Bangladesh’s sustained push to improve energy efficiency is beginning to deliver measurable economic benefits, including lower fossil fuel imports, reduced pressure on foreign exchange reserves and long-term cost advantages for energy-intensive industries such as textiles and apparel.
According to a new report by the Institute for Energy Economics and Financial Analysis (IEEFA), Bangladesh improved its energy efficiency by 13.64% in less than a decade, averaging annual gains of 1.52%. These improvements have helped cut fossil fuel import costs by an estimated US $ 3.3 billion, underscoring the growing role of efficiency as a central pillar of the country’s energy security strategy.
The report, authored by Shafiqul Alam, lead energy analyst for IEEFA South Asia, said Bangladesh is now on track to meet its 2030 energy efficiency target a year ahead of schedule, provided the current pace of progress is maintained.

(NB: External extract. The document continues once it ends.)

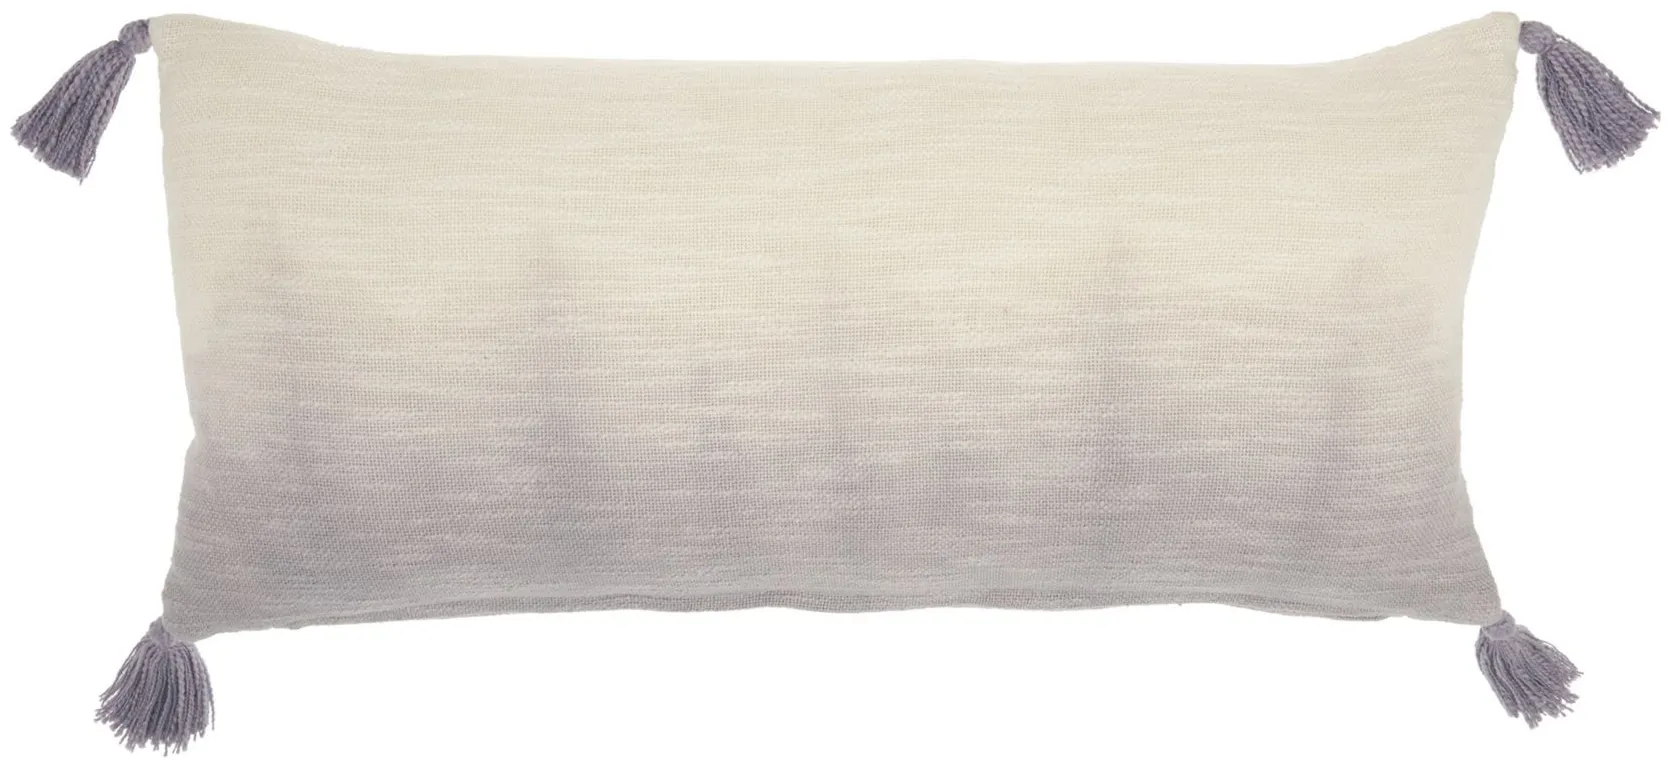 Mina Victory Ombre Gray Tassels Rectangular Throw Pillow in Gray by Nourison

Bangladesh’s energy efficiency efforts were formally structured with the launch of the Energy Efficiency and Conservation Master Plan in 2016, which established the policy and institutional framework for efficiency standards, labelling systems and industrial optimisation. However, the report noted that momentum slowed after early gains in FY17, with progress remaining uneven until FY ’21.
A turning point came in FY ’22, when global energy price shocks and domestic supply disruptions brought efficiency to the forefront of national policy priorities. Higher tariffs exposed inefficiencies across households and industrial operations, prompting a sharper focus on reducing energy waste.
According to IEEFA estimates, by FY ’23–24 efficiency gains helped Bangladesh avoid fossil fuel consumption equivalent to 7.02 million tonnes of oil equivalent, translating into US $ 3.34 billion in avoided import costs.
For the textile and apparel sector—one of Bangladesh’s largest energy consumers—the gains are strategically significant. Energy accounts for a substantial share of production costs, particularly in spinning, dyeing, finishing and captive power generation. The report highlighted electric motor upgrades, variable speed drives, improved captive power efficiency and a shift towards electric boilers as key measures capable of delivering meaningful savings in industrial settings.
IEEFA also identified passive building design, energy-efficient machinery and robust standards and labelling regimes as critical tools for reducing long-term energy demand without compromising output. These measures are seen as particularly relevant as factories expand and modernise across Bangladesh’s industrial zones.
Beyond environmental benefits, the report framed energy efficiency as a form of economic insulation for the country, reducing exposure to volatile global fuel markets, easing balance-of-payments pressures and strengthening industrial competitiveness.
With average annual efficiency improvements holding at around 1.52%, Bangladesh is approaching a point where efficiency gains could structurally reshape energy demand growth rather than merely offset short-term shocks. As global buyers increasingly scrutinise energy use and carbon intensity across supply chains, the report suggested that Bangladesh’s progress on efficiency could also enhance its appeal in sustainability-focused export markets, especially for textiles and apparel.